Also, the real and reactive power are represented as [11]:

$P_i={\displaystyle {\sum }_{j=1}^{nb}\left|Y_{ij}{V}_i{V}_j\right|\cos \left({\theta }_{ij}+{\delta }_j-{\delta }_i\right)}$ (2)

$Q_i=-{\displaystyle {\sum }_{j=1}^{nb}\left|Y_{ij}{V}_i{V}_j\right|\sin \left({\theta }_{ij}+{\delta }_j-{\delta }_i\right)}$ (3)

The main goal of implementing PV-DG is to minimize the power loss, which is the sum of losses in all the network branches. The optimization problem is centered on reducing this cumulative active power loss throughout the system as its objective function [12] [13].

Power flow equations can be solved for a radial distribution network using real power, reactive power, voltages at the sending and receiving ends of a branch. Where, $P_i$ , $Q_i$ , and $V_i$ represent the real power, reactive power, and voltage at the sending end, respectively, while $P_{i+1}$ , $Q_{i+1}$ , and $V_{i+1}$ represents the corresponding quantities at the receiving end. The following equation illustrates these relationships. The quadratic terms in the equations account for the losses on the branches. Therefore, the power loss on a branch is calculated as follows [14]:

$Los{s}_i=\frac{r_i\left(P_i^2+ Q_i^2\right)}{V_i^2}$ (4)

The overall system losses are determined by summing up the losses across all branches, In this method, the active and reactive power flow ($P_i$ and $Q_i$ ) from bus $i$ to bus $i+1$ is calculated as follows:

$Total\text{\_}Loss={\displaystyle {\sum }_{i=0}^{n-1}Los{s}_i}={\displaystyle {\sum }_{i=0}^{n-1}\frac{r_i\left(P_i^2+Q_i^2\right)}{V_i^2}}$ (5)

This research presents an optimization approach aimed at reducing total power losses by using them as the objective function, while considering the time-dependent variations in PV-DG generation. Where, $P_{losses}$ denotes the active power losses in the circuit for t = 1 to t = 24 hours.

$f=\min {\displaystyle {\sum }_{t=1}^{24}{P}_{losse{s}_i}}$ (6)

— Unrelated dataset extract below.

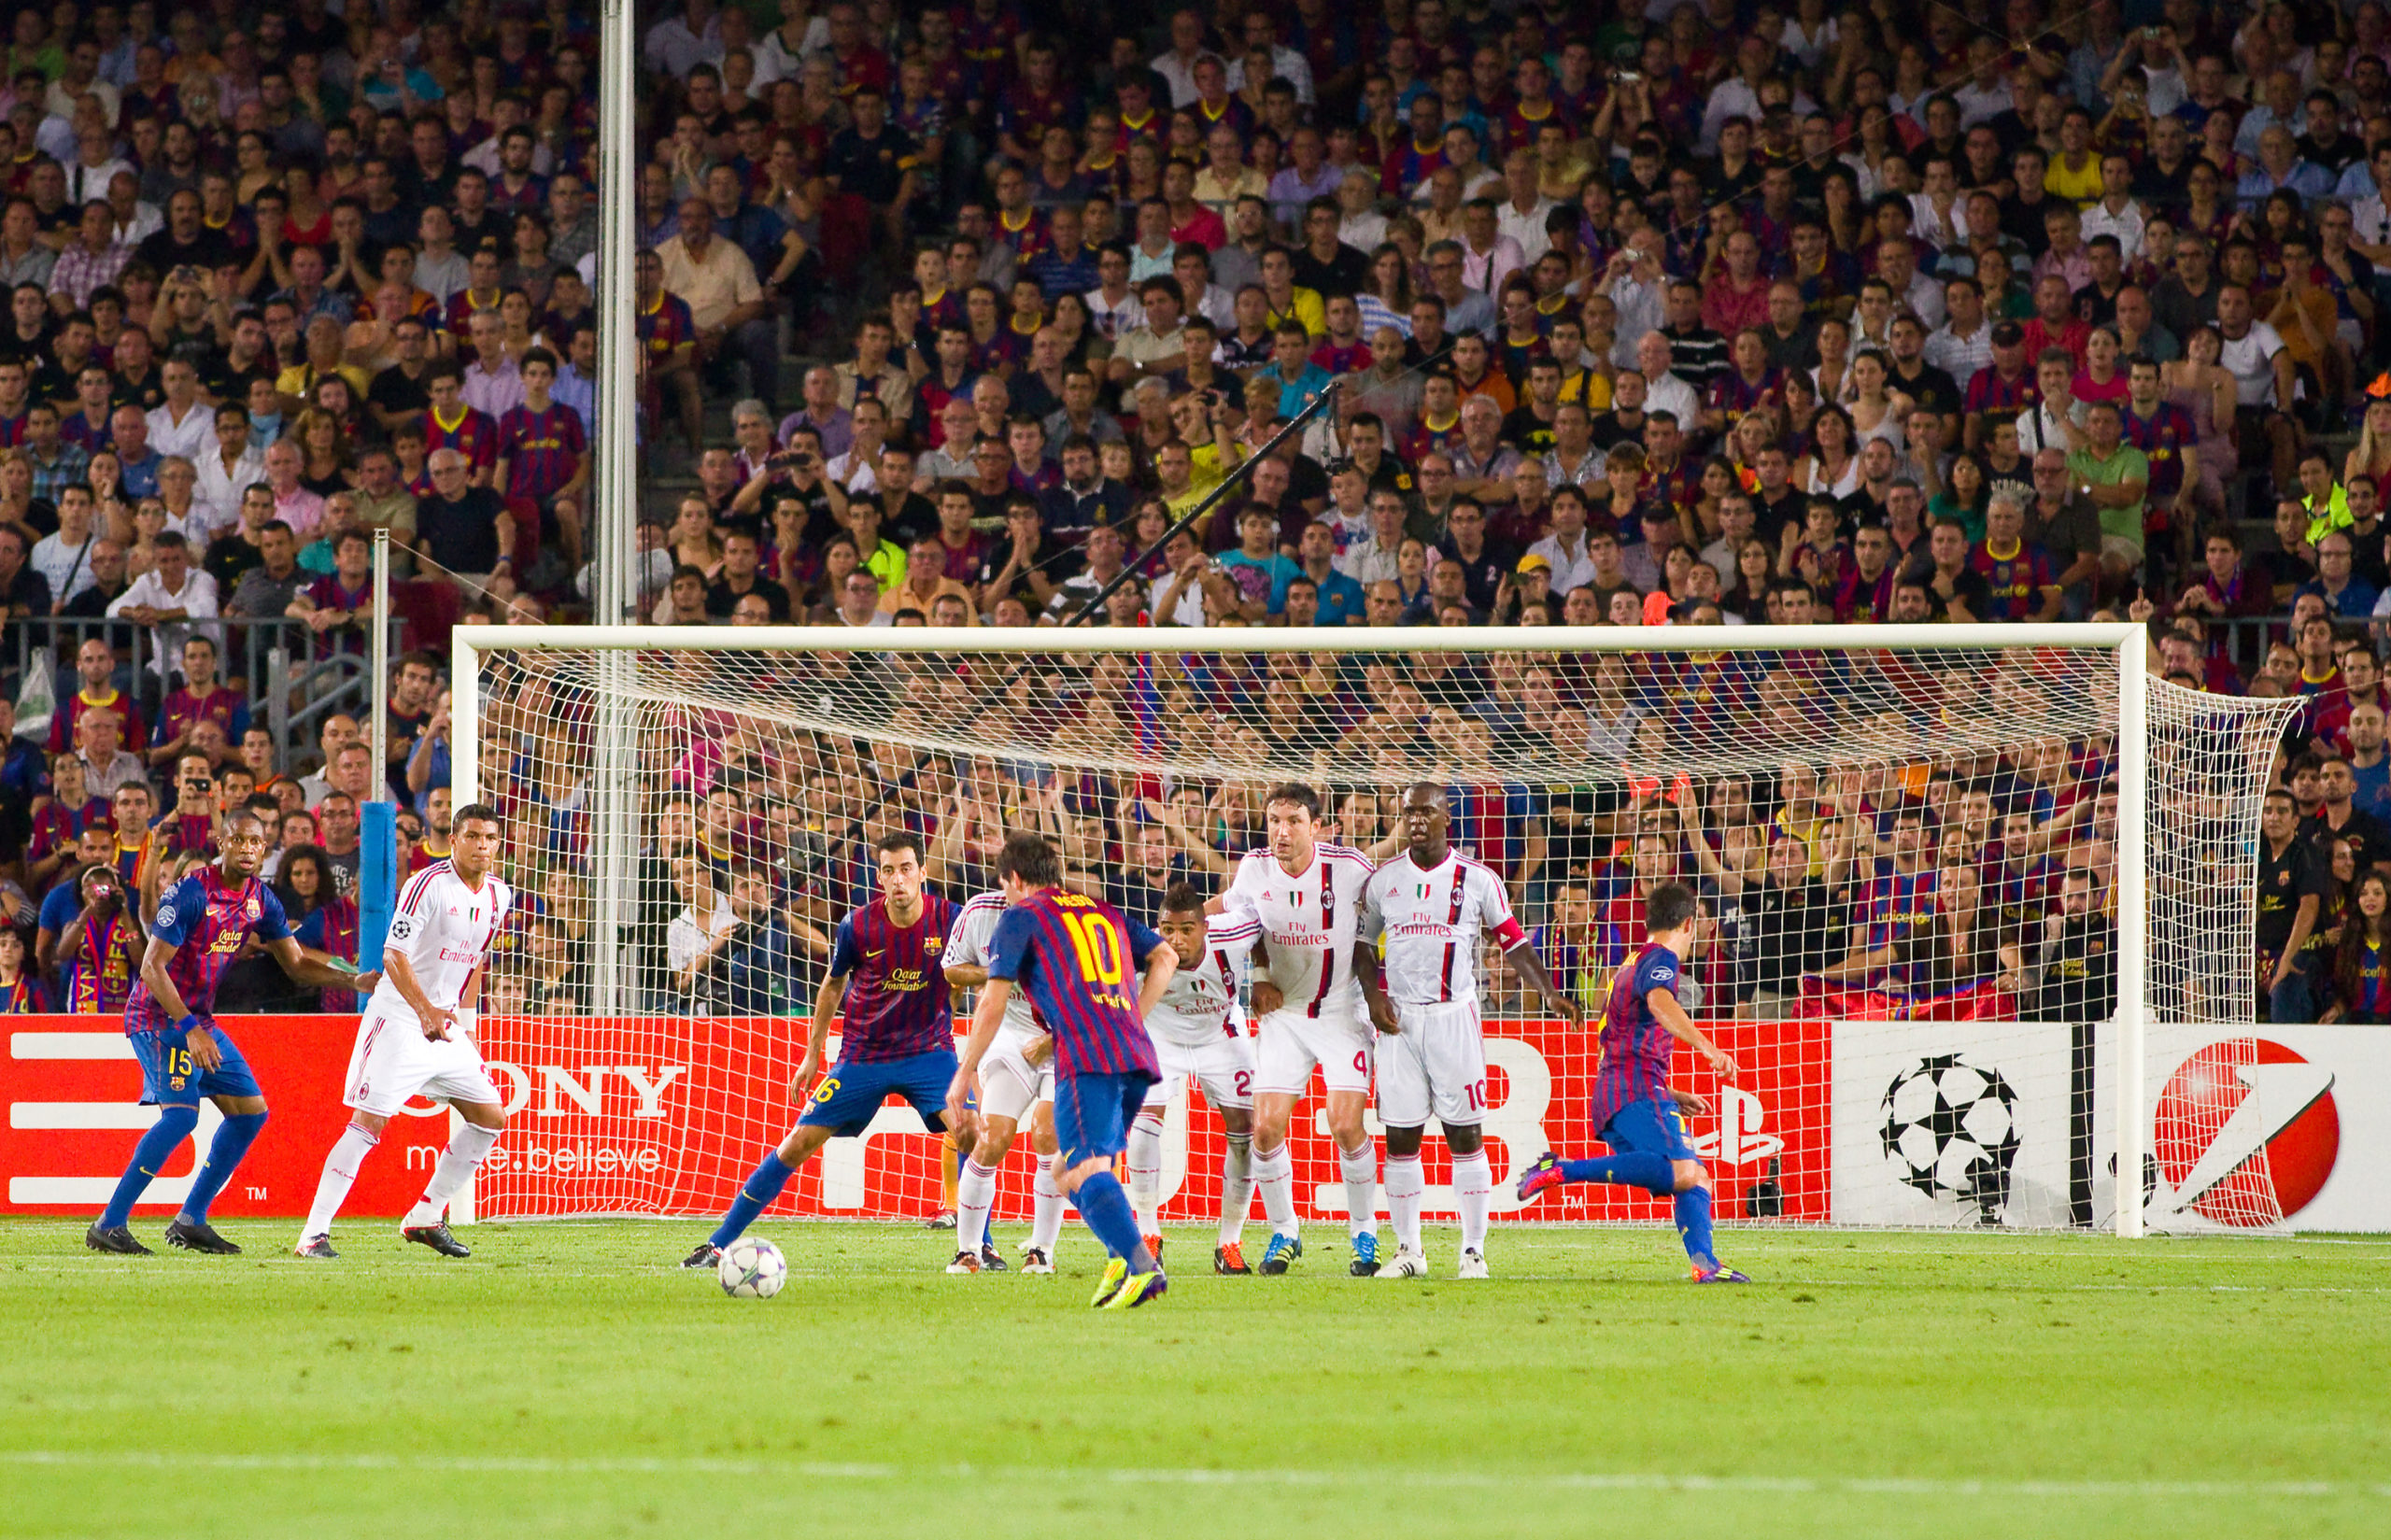 Best soccer free kick taker Lionel Messi shooting a soccer free kick

Considering a basic distribution system consisting of two buses, a source, a load, and a DG interconnected by a transmission line, as illustrated in Figure 1. Then, the following equation can be derived.

$P_i=P_{DGi}-P_{Di}$ (7)

where, $P_{DGi}$ represents the real power injected by the DG at node $i$ , and $P_{Di}$ denotes the load demand at node $i$ . By combining (5) and (6) Equation (8) can be obtained [8].

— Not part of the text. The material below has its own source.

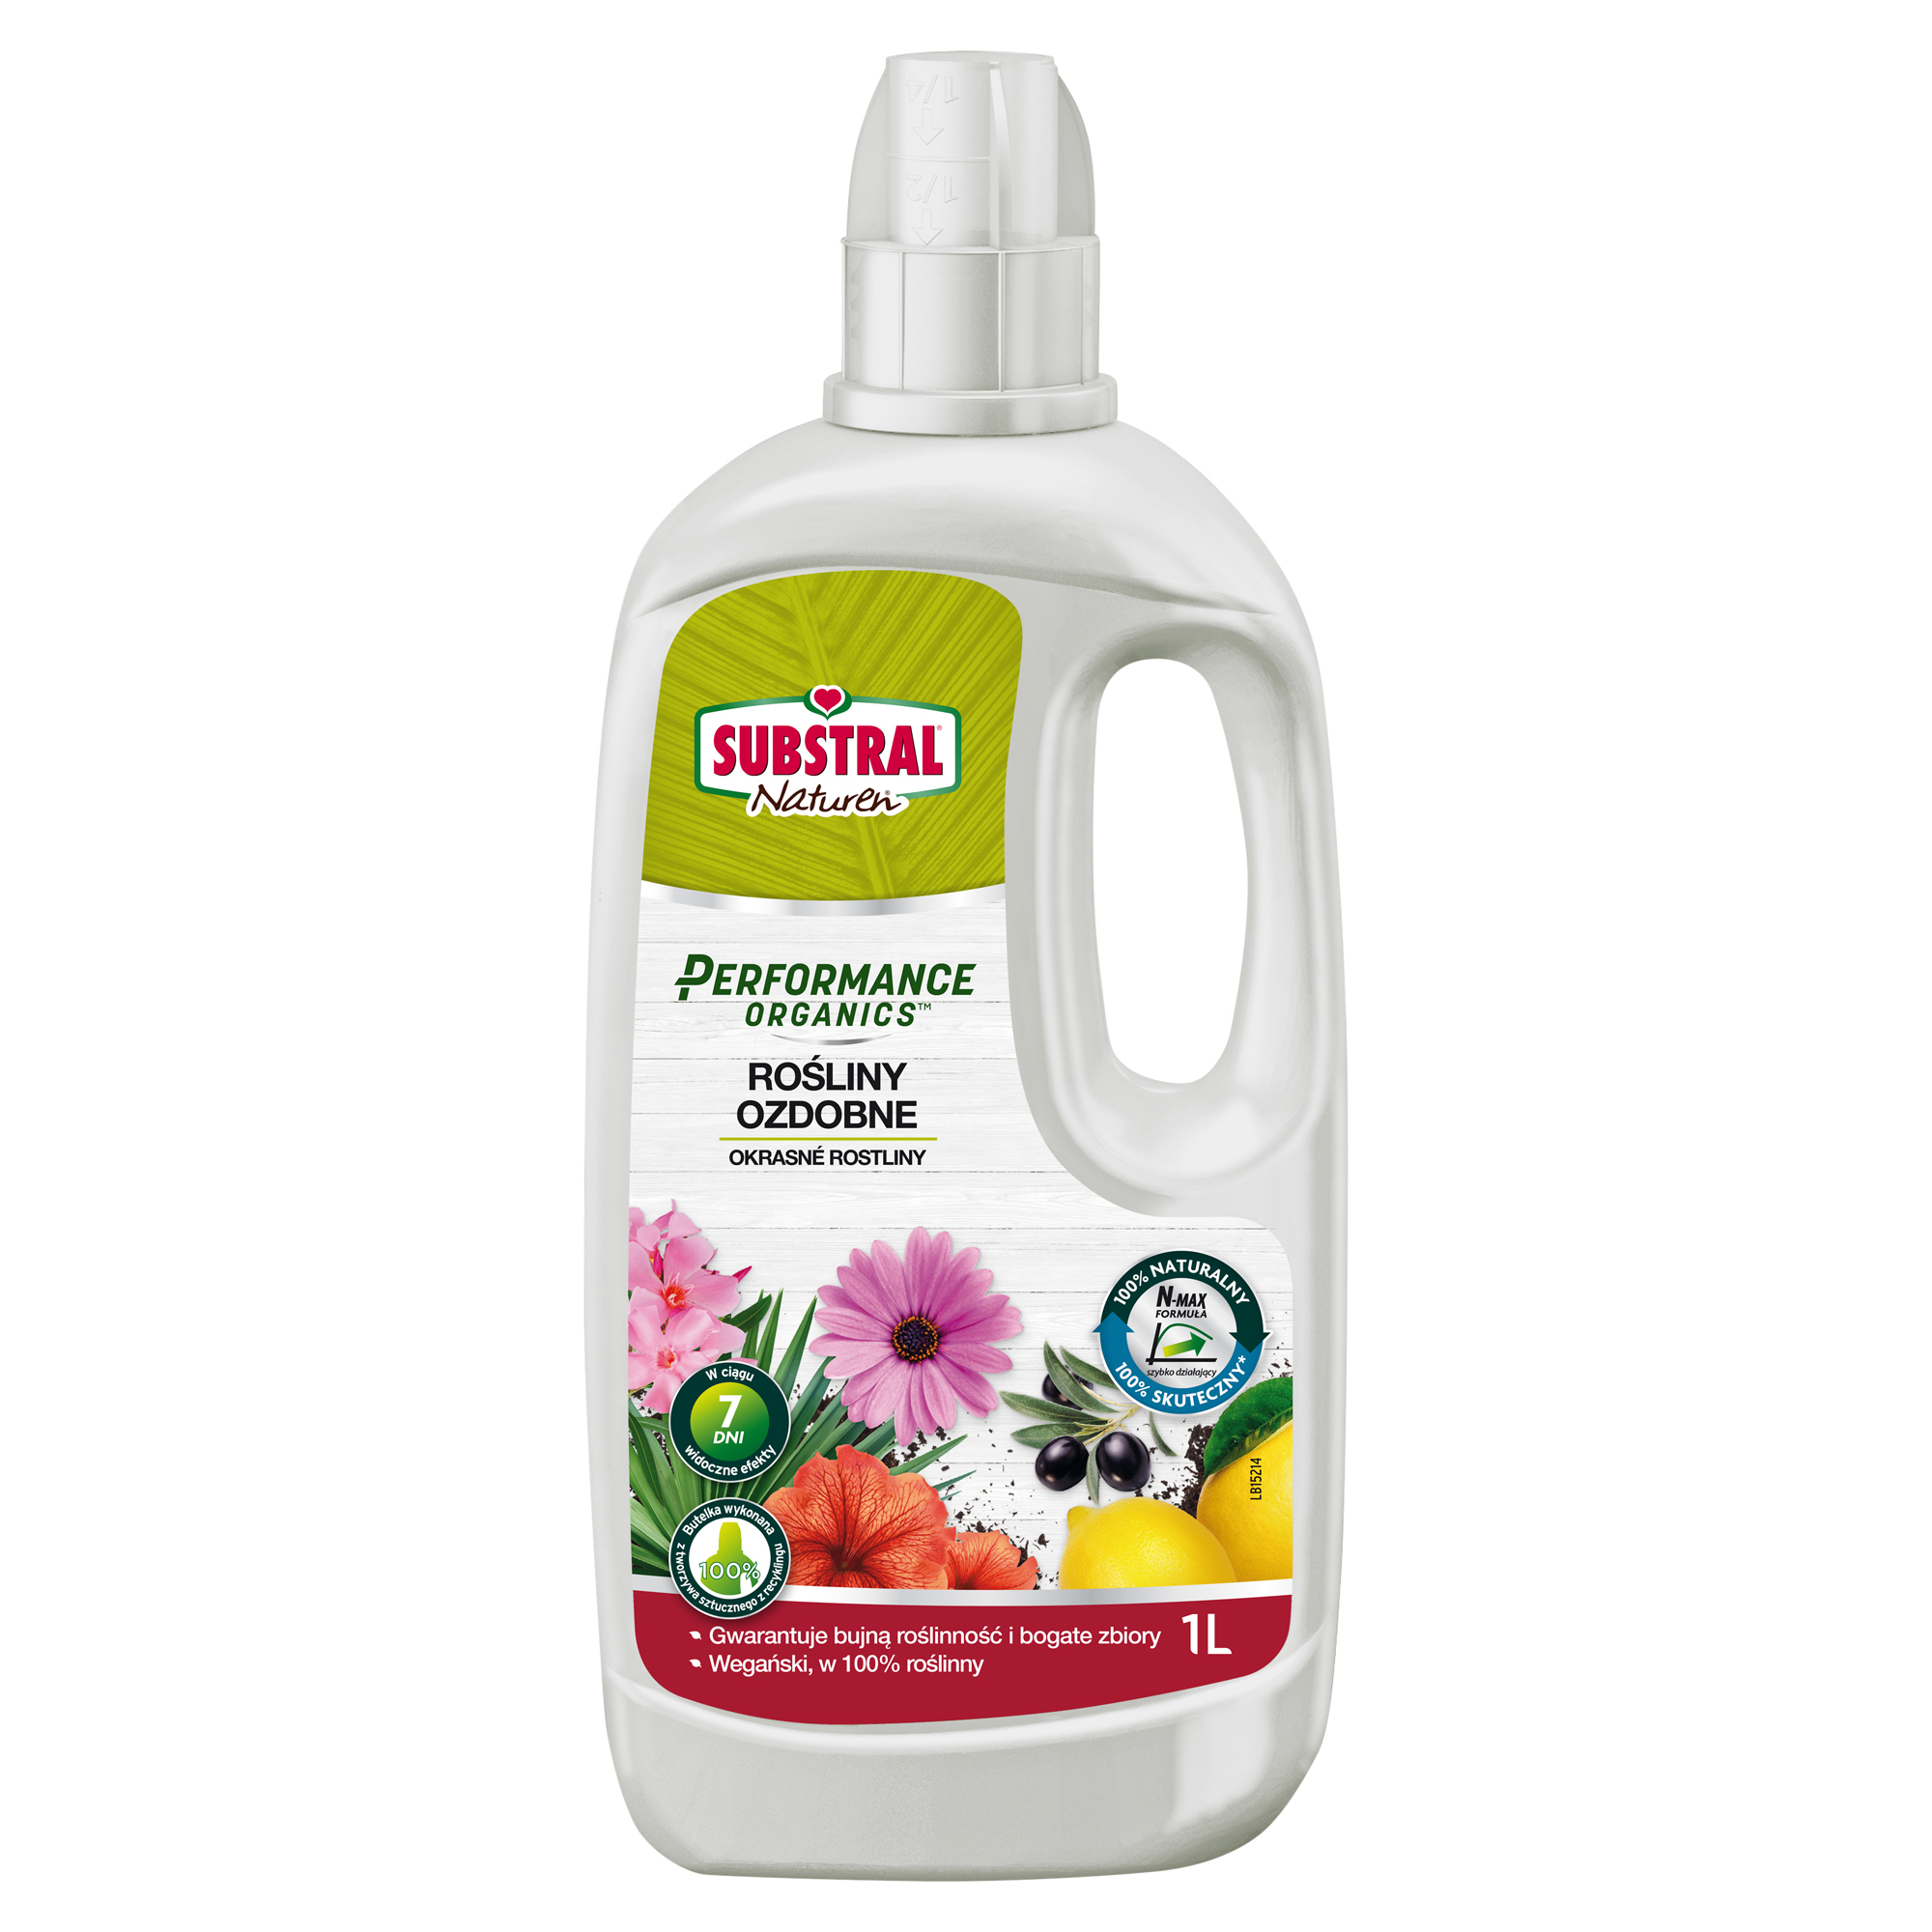 SUBSTRAL Performance Organics Hnojivo tekuté 1 l - zahrada SUBSTRAL 1713101OR

$P_{DGi}=P_{Di}+\frac{1}{{\alpha }_{ii}}\left[{\beta }_{ii}{Q}_i-{\displaystyle {\sum }_{j=1,j\ne i}^N\left({\alpha }_{ij}{P}_j-{\beta }_{ij}{Q}_j\right)}\right]$ (8)

The equation above determines the optimal DG size for minimizing losses at each bus_i. Any other DG size installed at bus ii would lead to increased losses [8].

Figure 1. Single line diagram of the 2-bus system.

DG systems can typically be categorized into various types based on their capability to produce or consume active and reactive power. These include: systems that generate either active power or reactive power exclusively; systems capable of generating both active and reactive power; and systems that generate active power while consuming reactive power [15] [16].

The reactive power output of the DG is represented by (9) [10].

$Q_{DGi}=a{P}_{DGi}$ (9)

where, $a=\tan \left({\cos }^{-1}\left(P{F}_{DGi}\right)\right)$ , and $P{F}_{DG}$ denotes the power factor of the DG. The reactive power injected at bus ii, is described by (10), respectively [10],

$Q_i=Q_{DGi}-Q_{Di}=a{P}_{DGi}-Q_{Di}$ (10)

2.1. Solar PV-DG Probabilistic Modelling

The implementation of PV-DGs into the power system largely effects the power flow, power quality, and dynamic performance of the test system. Since the output of PV-DG is affected by real-time changing of solar radiation values, traditional deterministic power flow methods are insufficient for accurately capturing and assessing these effects [17]. So, approaches for computing probabilistic load flow such as Monte Carlo simulation method are required. The authors in [18] presented the probabilistic density function (PDF) following the integration of PV-DG into the grid. A probabilistic power flow methodology using the stochastic formation approach was proposed in [19], using the principles of uncertainty quantification concept. The Beta probability distribution functions used to estimate hourly solar irradiance are derived from three years of historical data collected from the study site [20]. This data is then used to create a representative frequency distribution of irradiance and wind speed measurements for a typical day in each season.

The research in [17] explored the integration capacity of large-scale PV systems into the grid, PV connection points, and the output of multiple PV power plants using techniques such as probability density distribution, sensitivity evaluation, and over-limit probability assessment. In summary, the research investigated how large-scale PV systems can be connected to the grid and how their output fluctuates and impacts grid performance using statistical and analytical methods. The researchers of the PV probability model in [21] and [17] stated that the solar radiation follows the Beta distribution and the normal distribution. As a result, the probability density function for solar radiation (G) can be presented as in Equation (11):

$f\left(G\right)=\frac{\Gamma \left(\alpha +\beta \right)}{\Gamma \left(\alpha \right)\Gamma \left(\beta \right)}{\left(\frac{G}{G_{\max }}\right)}^{\alpha -1}{\left(1-\frac{G}{G_{\max }}\right)}^{\beta -1}$ (11)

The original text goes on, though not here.